Sexual Selection and Sexual Conflict
We are studying antagonistic co-evolution between the sexes and its influence on life-history traits. We have created three different regimes (with three replicates in each regime) in which flies are held at male-biased (M), female-biased (F) or unbiased sex ratios (C). Such a treatment alters the level of intersexual conflict.
Our studies show that males from the M populations rapidly evolve to be more harmful to the females. Females housed with M males tend to die more often than females housed with F males. Interestingly, males from the base population housed with females from the M population tend to die more often too. This is not unexpected since M females are known to have a higher mating latency. Additionally, M females have higher locomotor activity. Hence, it is quite possible that males housed with M females expend more energy courting and chasing them, leading to accelerated rates of death.

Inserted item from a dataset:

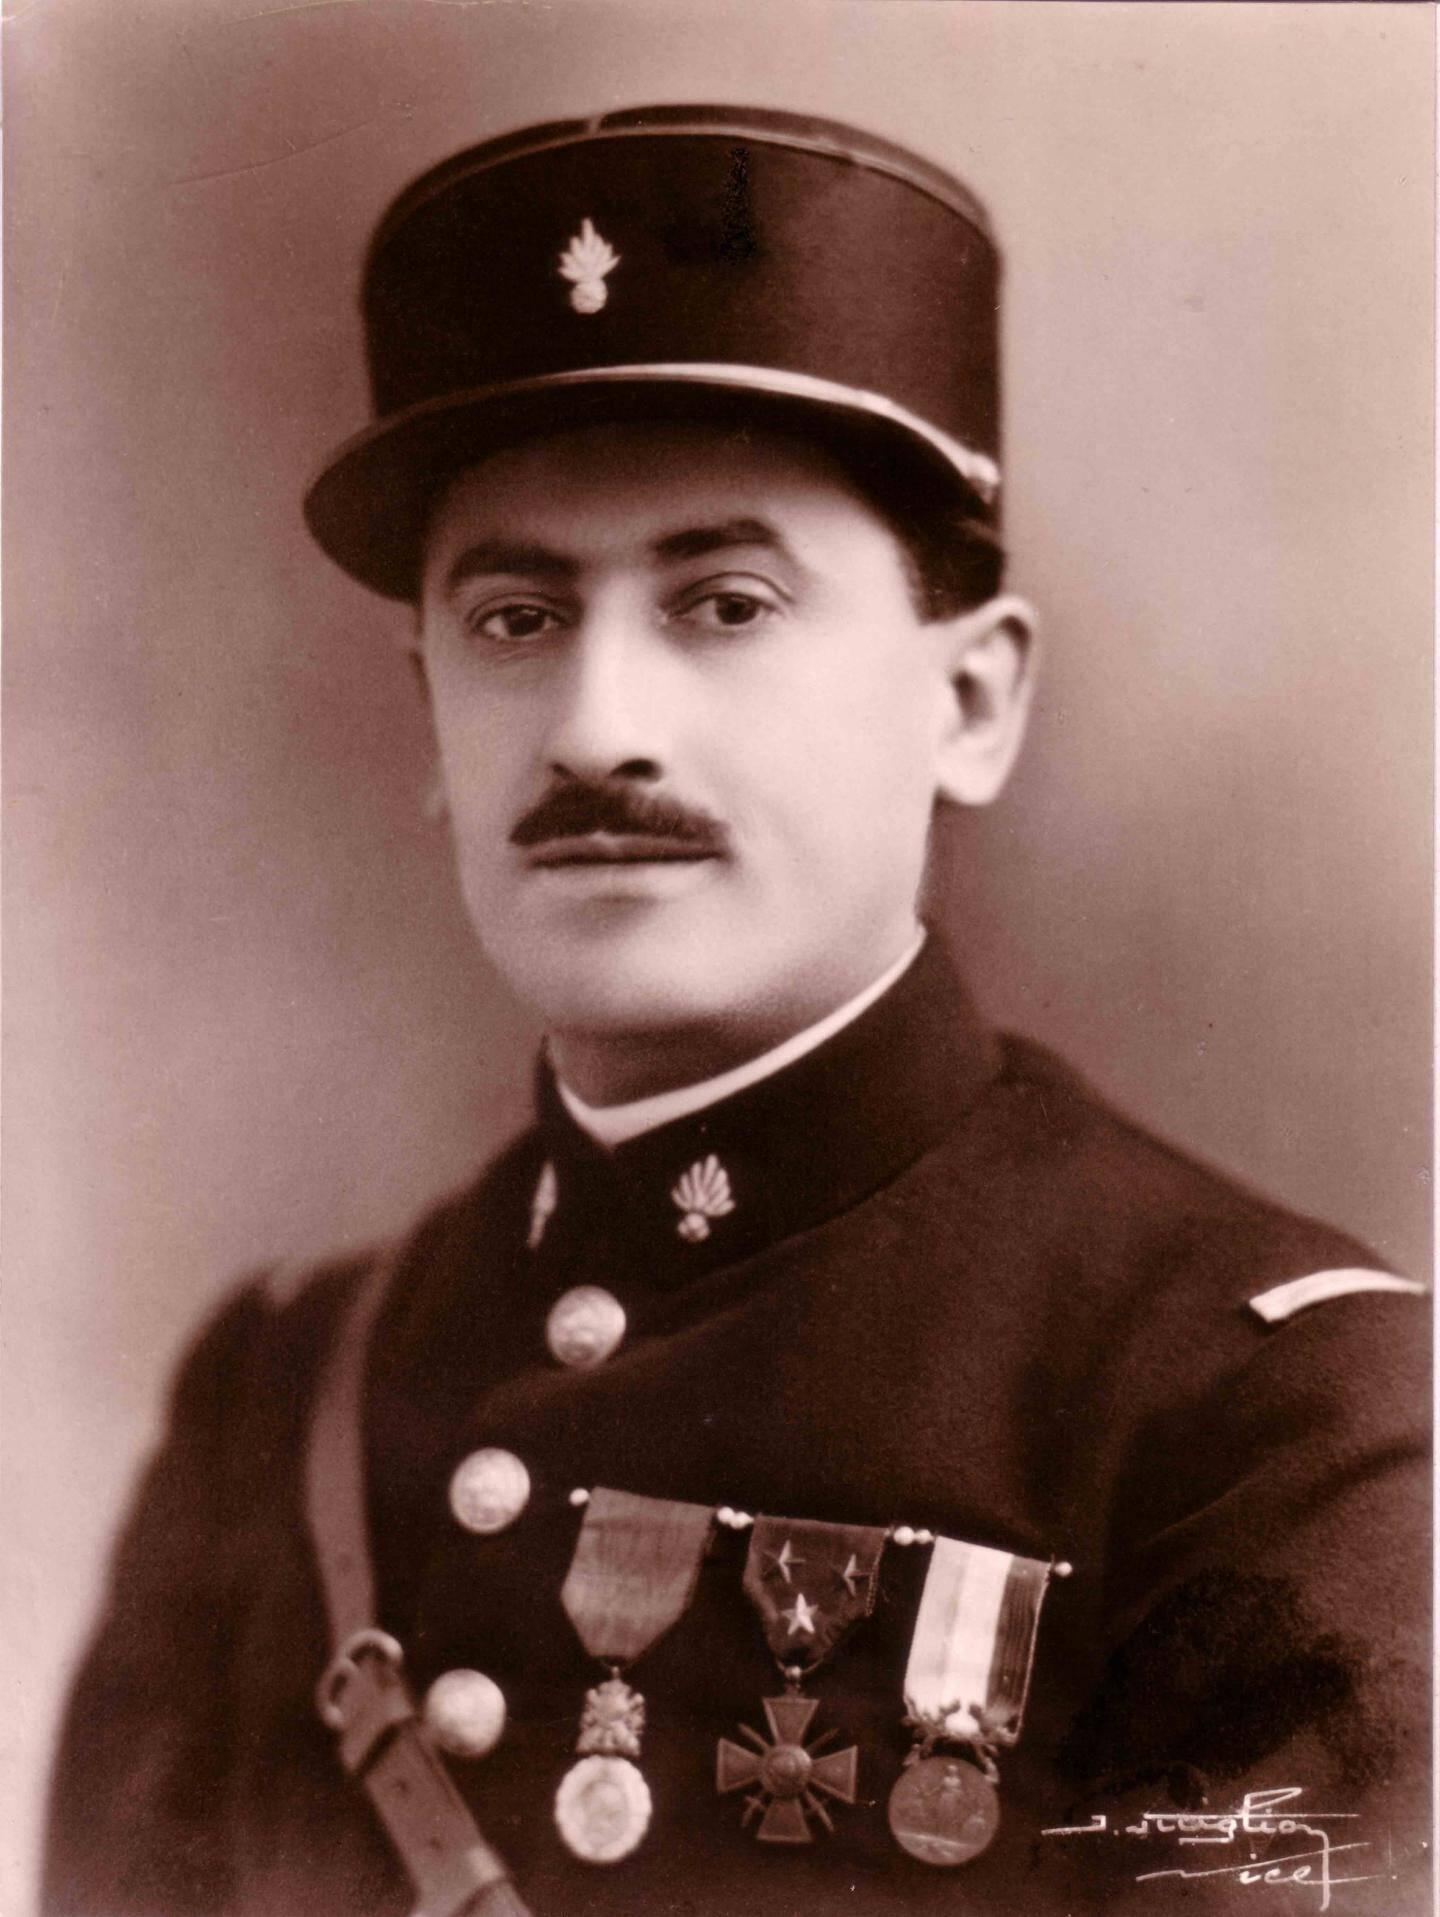 Le frère du poilu niçois Pierre-François Fornaresio entré dans les pompiers en 1919 par loyauté pour son frère mort en 14-18.
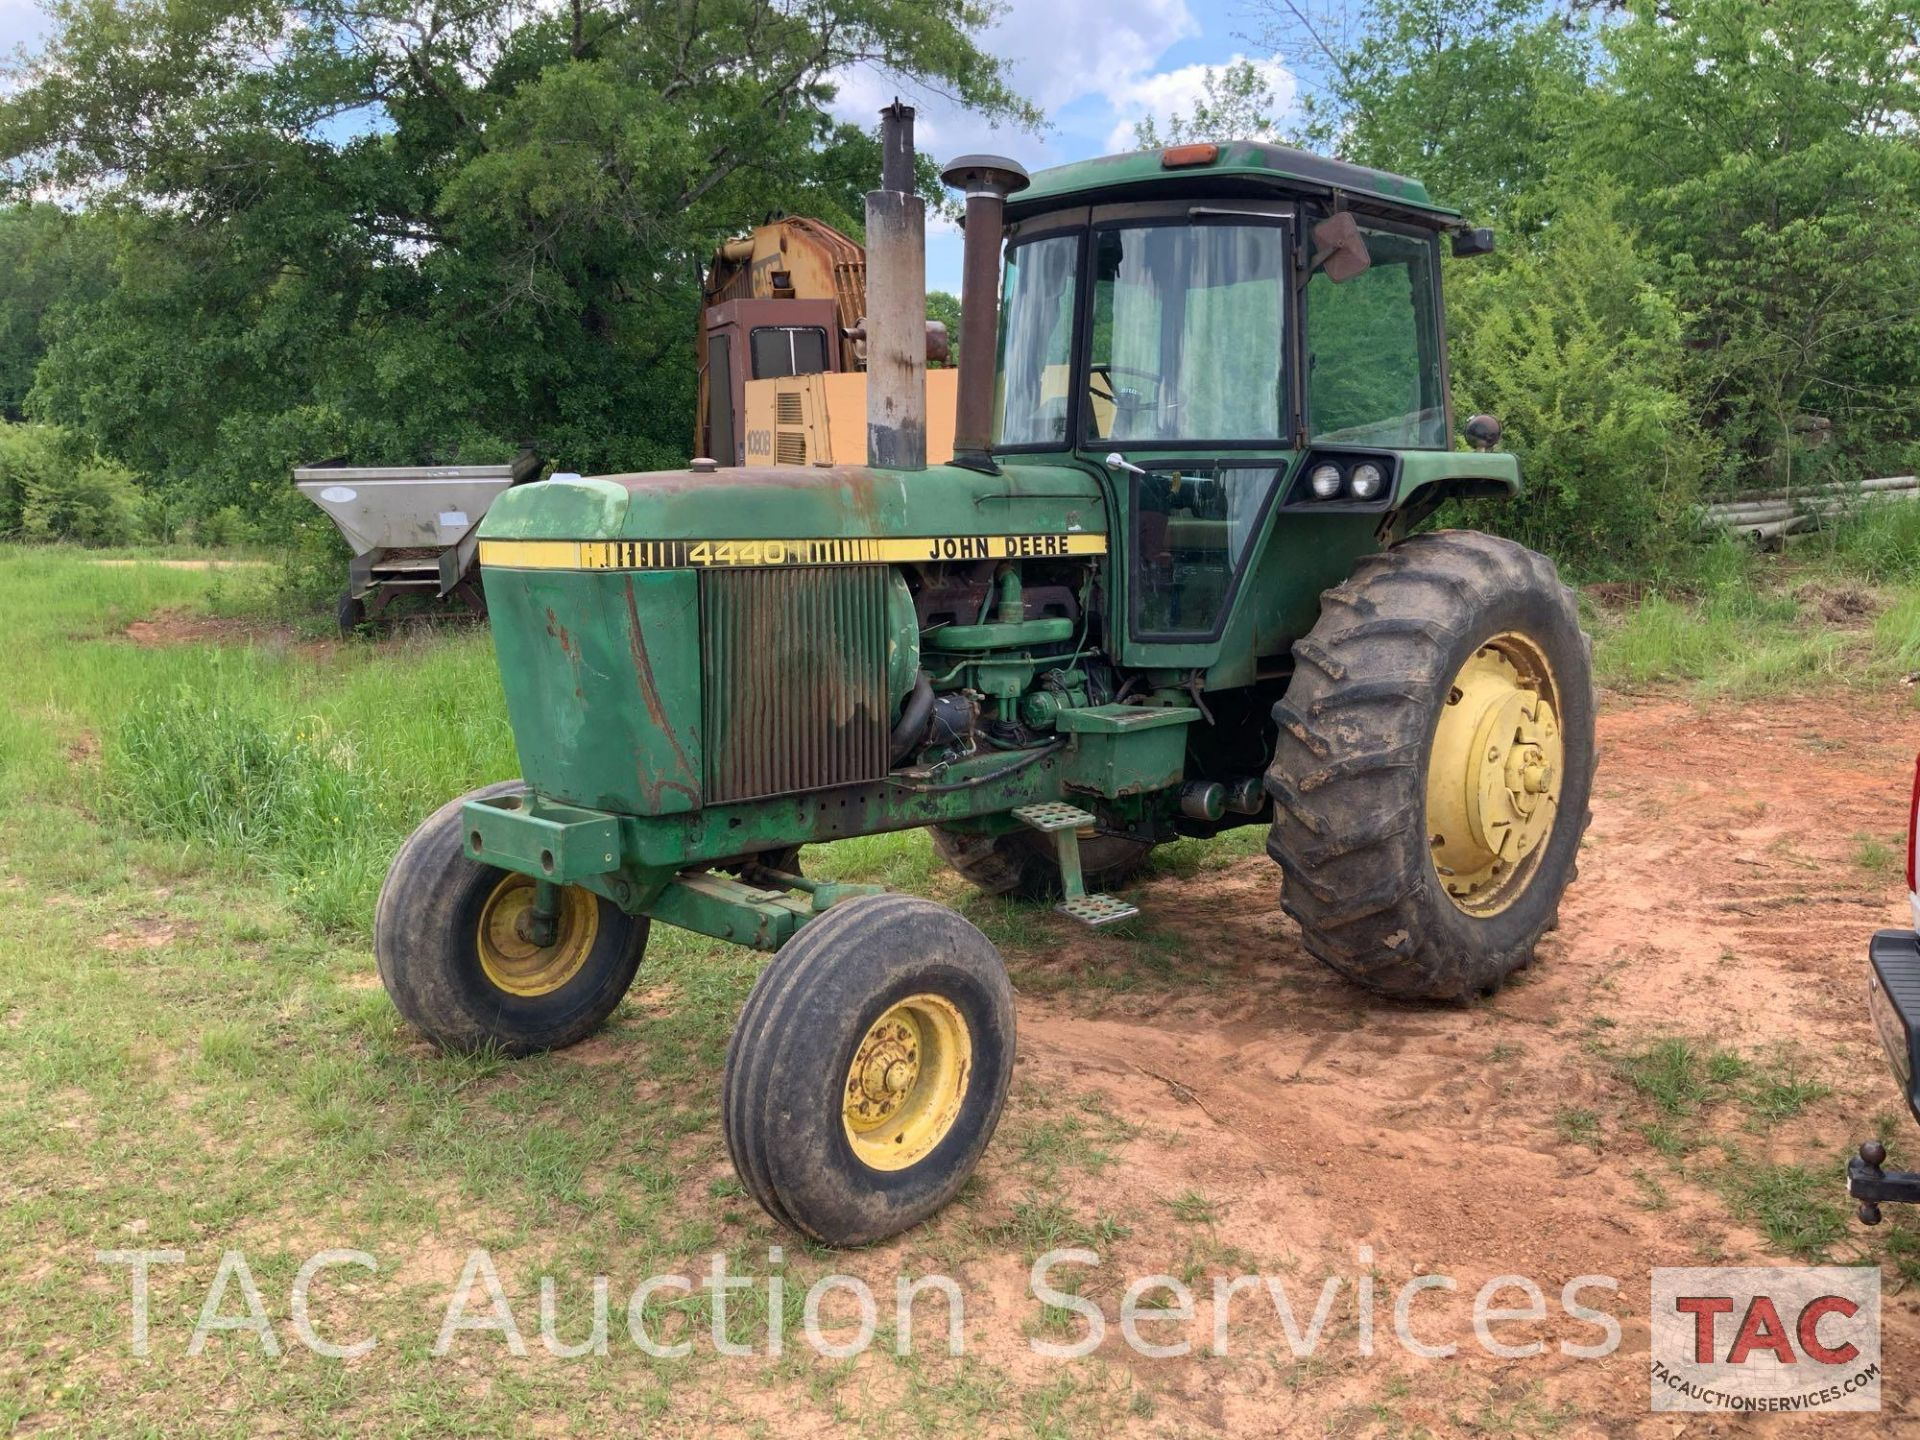 John Deere 4440 Tractor

We have found that the mean life-span of M individuals is lower than that of F individuals when measured as virgins, indicating that the intrinsic rates of aging in these populations has increased as expected. However, under mated conditions, the mean longevity of M females is higher than that of the F females indicating that M females have evolved greater resistance to male-induced harm.
Our studies are the first to show that male reproductive behaviour can be affected non-linearly by the number of co-habitants experienced by a male early in his life. We have found that copulation duration, an important component of male reproductive success, shows an inverted u type relation with the number of male co -habitants early in life. Copulation duration is positively correlated with sperm defence, another important component of fitness.
Our studies also show adaptive male mate choice based on female age and nutritional status. Males tended to mate more with younger and/or well-fed females when offered a choice. Interestingly, variance in male mate choice is positively correlated with variance in the fitness of females, indicating that males are capable of estimating fitness differences among females.